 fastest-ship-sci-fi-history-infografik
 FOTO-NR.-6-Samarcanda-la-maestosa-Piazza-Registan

==

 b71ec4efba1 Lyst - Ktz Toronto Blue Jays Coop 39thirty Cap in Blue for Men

- [BRIEF]: Take the line above containing "fastest-ship-sci-fi-history-infografik", the line containing "FOTO-NR.-6-Samarcanda-la-maestosa-Piazza-Registan", and all lines in between, and copy them exactly without anything else.

- [OUTPUT OF THE TASK]:
 fastest-ship-sci-fi-history-infografik
 FOTO-NR.-6-Samarcanda-la-maestosa-Piazza-Registan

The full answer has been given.